Three dads reflect on their camp days

Young boys and sport, portrait of three young children with football looking at camera. Summer camp fun

Twenty-five years as a camp director and researcher has given me the opportunity to ask hundreds of former campers and camp counsellors if they believe their camp experiences influenced their lives in any significant way.

What I learned and validated through research is that camp experiences account for important lifeshaping chapters in the lives of adults who are now parents themselves.

Camp is a place where meaningful relationships develop within a broad social and ethnocultural community. The shared experience of camp life provides opportunities to make friends with kids from different places and different backgrounds.

As well, many tell of personal challenges and credit their days at camp as a positive time in their lives that provided “a foundation for understanding the world,” and “something to fall back on when the hard times come.”

Camp is a place where you can discover who you are, achieve personal bests, and have fun while doing it. I thought it would be of interest to relate some camp recollections from a father’s perspective.

One former camp counsellor dad is now a firefighter. He says what he learned at camp has successfully transferred to his present occupation. He describes camp as a place where people are playing and having fun, but in so doing, they are also gaining practical skills, life skills, and personal skills.

“When you are a firefighter, you’re doing a stressful job and you have to live with a lot of different personalities. Everybody has to get along, so it’s really not that far from the camp cabin to the fire hall.

p33You have a captain, like the camp director. You have a senior man, like the counsellor – who has lots of experience and works with the crew – the campers!

Then you have the kid who’s been at camp five years in a row. He’s the veteran — seen it, done it. And then you have the new kid. The new kid learns exactly the same as a new recruit. He is shown what to do by those more experienced; he quickly learns what his obligations are, what needs to be done, and what behaviour is expected.

And the best thing is that camp is all a lot of fun.” Our next dad is someone who did not attend camp as a child, and so his decision to take a counsellor position 500 kilometres from home was a bit unsettling.

For many children, being away at camp can be initially worrisome, but homesickness generally affects children only in the first days of camp.

Our dad believes that the natural setting was in part responsible for allowing him and his campers to relax and go with the flow. He recognizes an emotional connection to nature that is positive and energizing.
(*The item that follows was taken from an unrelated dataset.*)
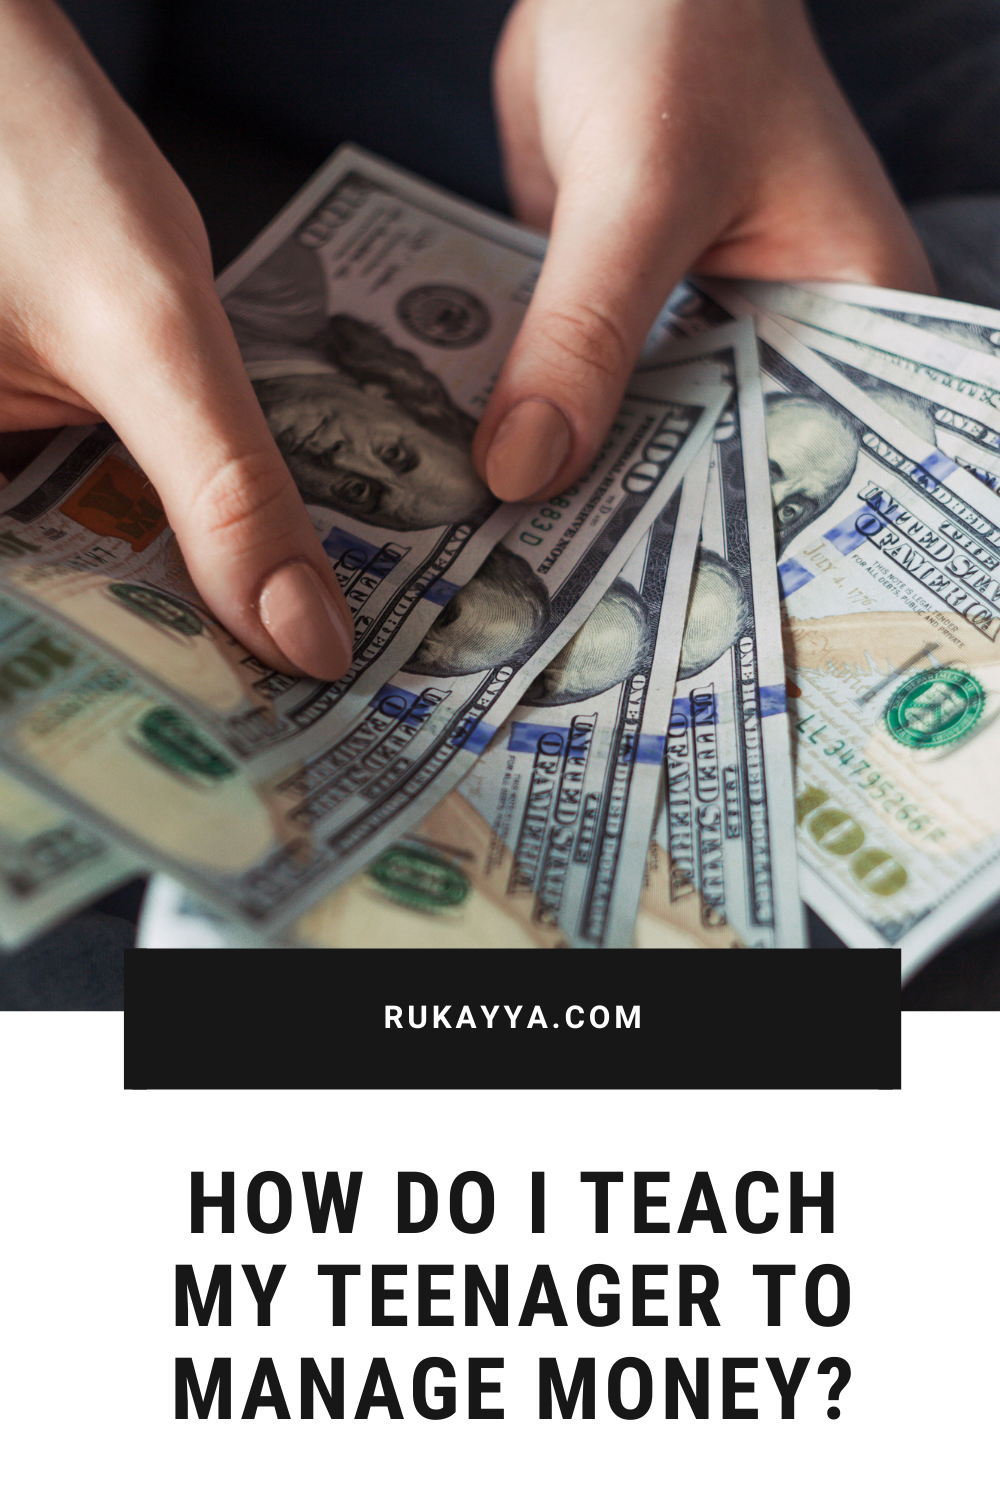 How Do I Teach My Teenager To Manage Money? 7 Useful Tips

“All of a sudden you are living with six strangers in the woods. I remember some of the campers were coming from South America. It’s amazing, the different cultures you can bring into this environment.
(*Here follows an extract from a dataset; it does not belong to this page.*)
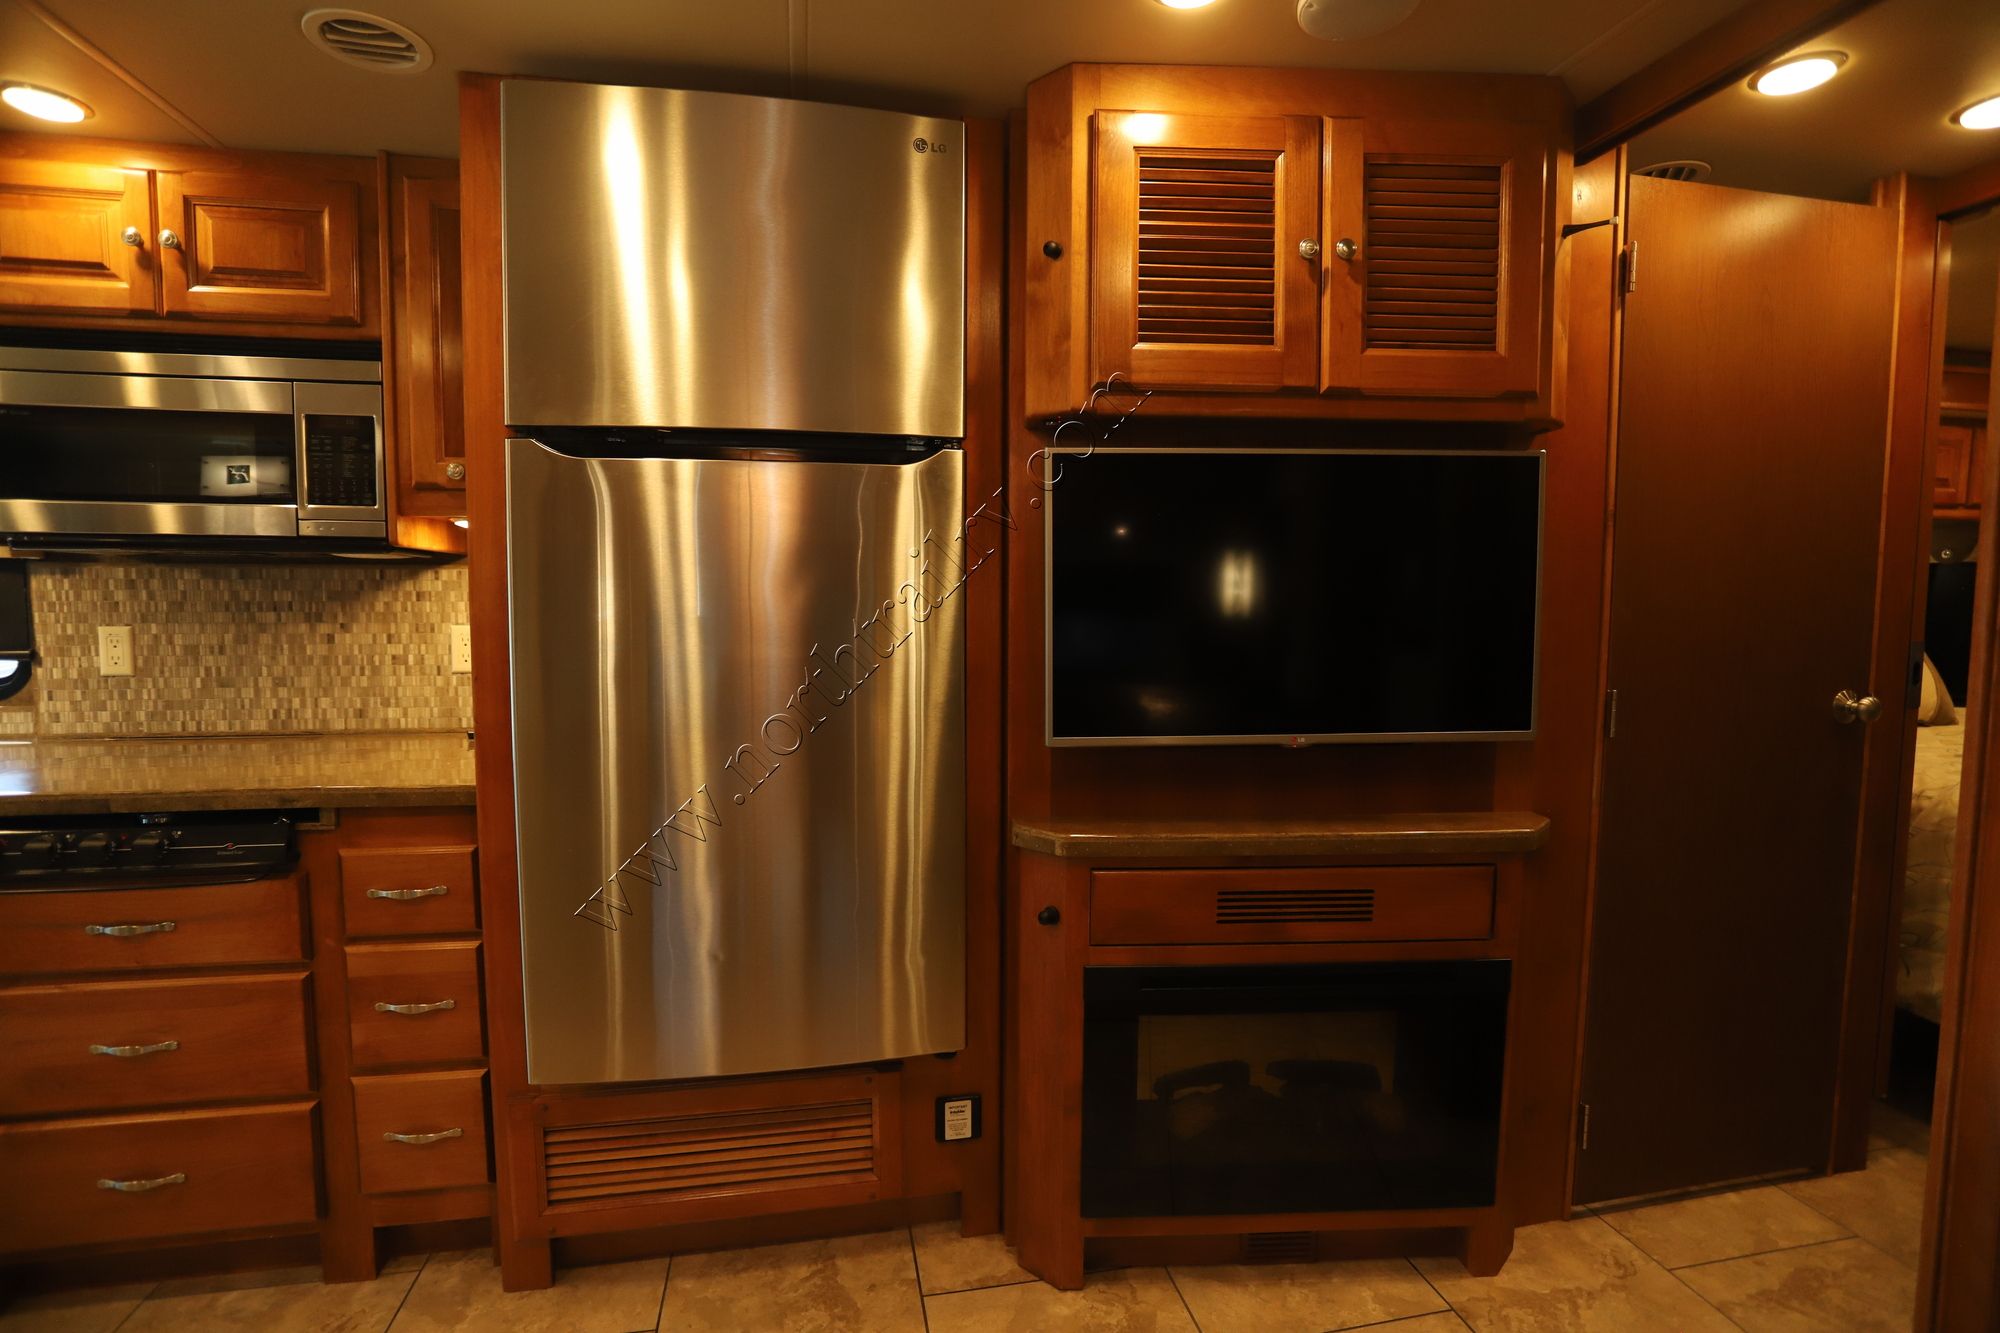 Used 2015 Tiffin Motor Homes Allegro 32SA Class A  For Sale

People are travelling from thousands of kilometres away to this remote place and then they are sort of tossed into a cabin with other youngsters. And it is amazing to see how quickly the relationships develop.

Five happy kids hugging together standing in the dandelion fieldWithin minutes, the kids are interacting with each other and then they’re out and ready to take on the world. But in the cities, nobody seems to want to talk to each other. You can be standing beside someone and nobody will say anything. But at camp the kids just naturally start to develop socially.”
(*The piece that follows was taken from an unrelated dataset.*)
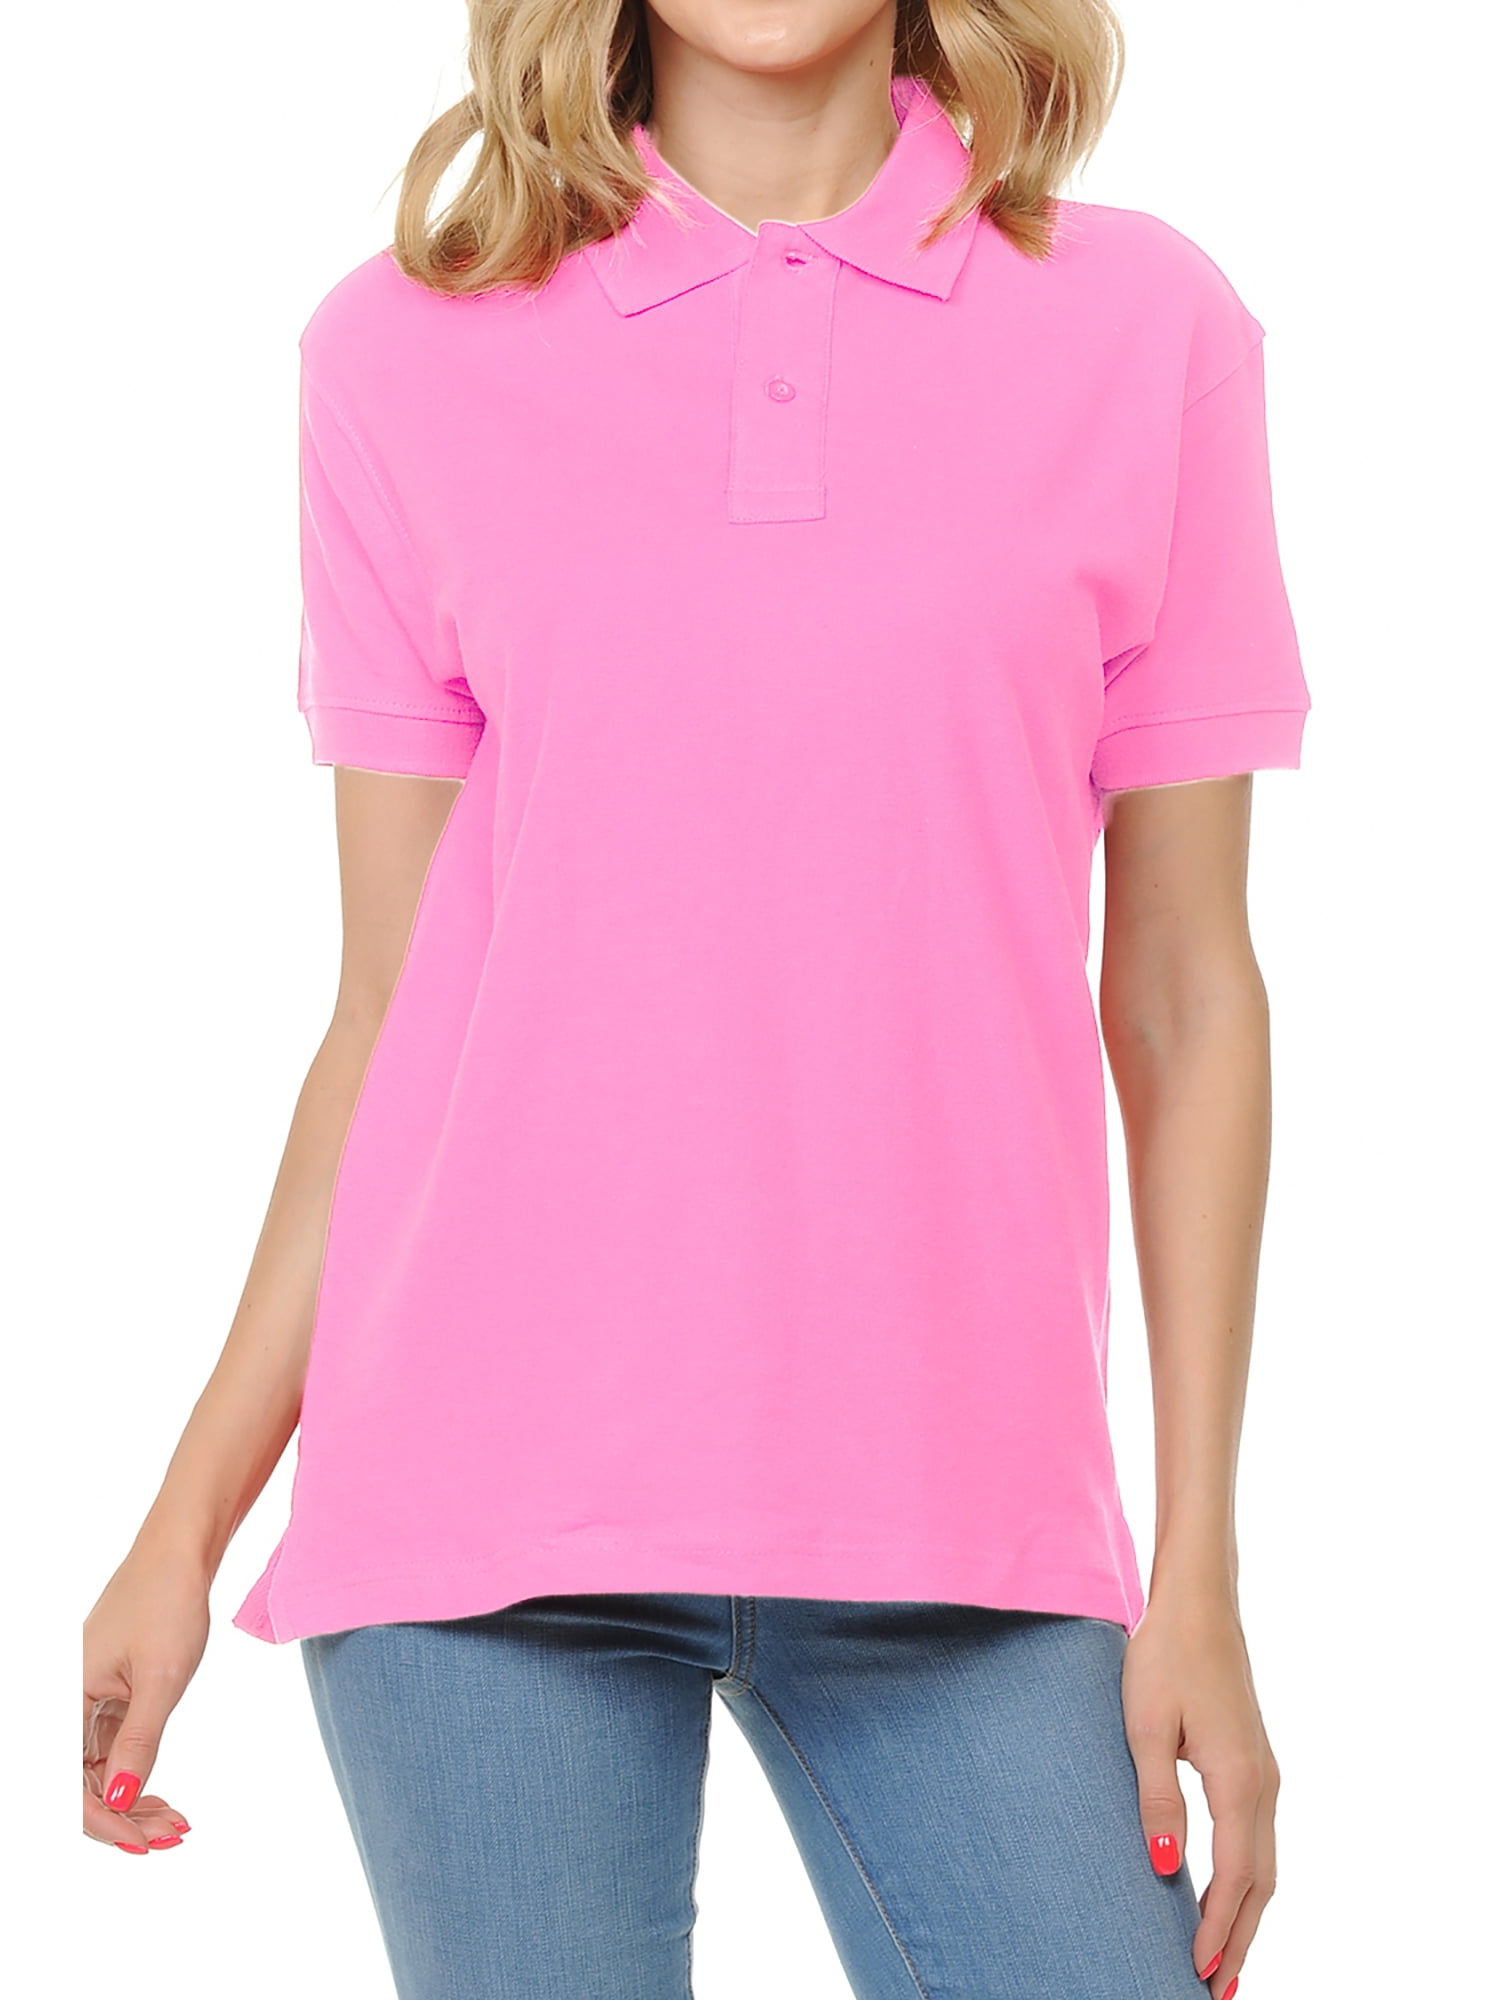 Basico (Pink) Polo Collared Shirts For ...

I would suggest that the speed and intensity with which these relationships form is linked to the social and physical setting of camp. At camp, any initial feelings of being away from home moves quickly to a sense of autonomy that is shared and supported by cabin mates and counsellors within the camaraderie of a common experience – the camp experience.

Our last dad spends most of his working days with computers. He attended camp as a child and was a counsellor for three seasons. He describes the camp community as a team environment and he has strived to create team environments in his professional and personal relationships ever since.

“The community at camp was very much a team environment and I’ve tried, pretty well over the last 15 years, to build those team environments wherever I go in the relationships with the people I work with.

I am very much a positive person. I try to keep things up. It’s more enjoyable to work in a team environment than working against people.”

One of the camp lessons that stuck with this dad was that you had to depend on your mates to get jobs done around camp, cabin and certain activities. It often involved the older ones helping the younger ones. He now relates that this is what he has encouraged, not only in the workplace but within his own family.

The influence of an original experience and its significance to those who have been part of that experience becomes increasingly evident with the passage of time. So it is with these dads, as they reflect on how their camp experiences have influenced their lives and the lives of their children.

As camp season approaches, I urge parents to consider camp as more than simply another summertime amusement. Camp does have the ability to shape young lives for the better. These dads’ reflections are proof of that.

Stephen Fine, Ph.D., is the National Research Committee Chair, Canadian Camping Association, and co-chair, Research Committee International Camping Fellowship.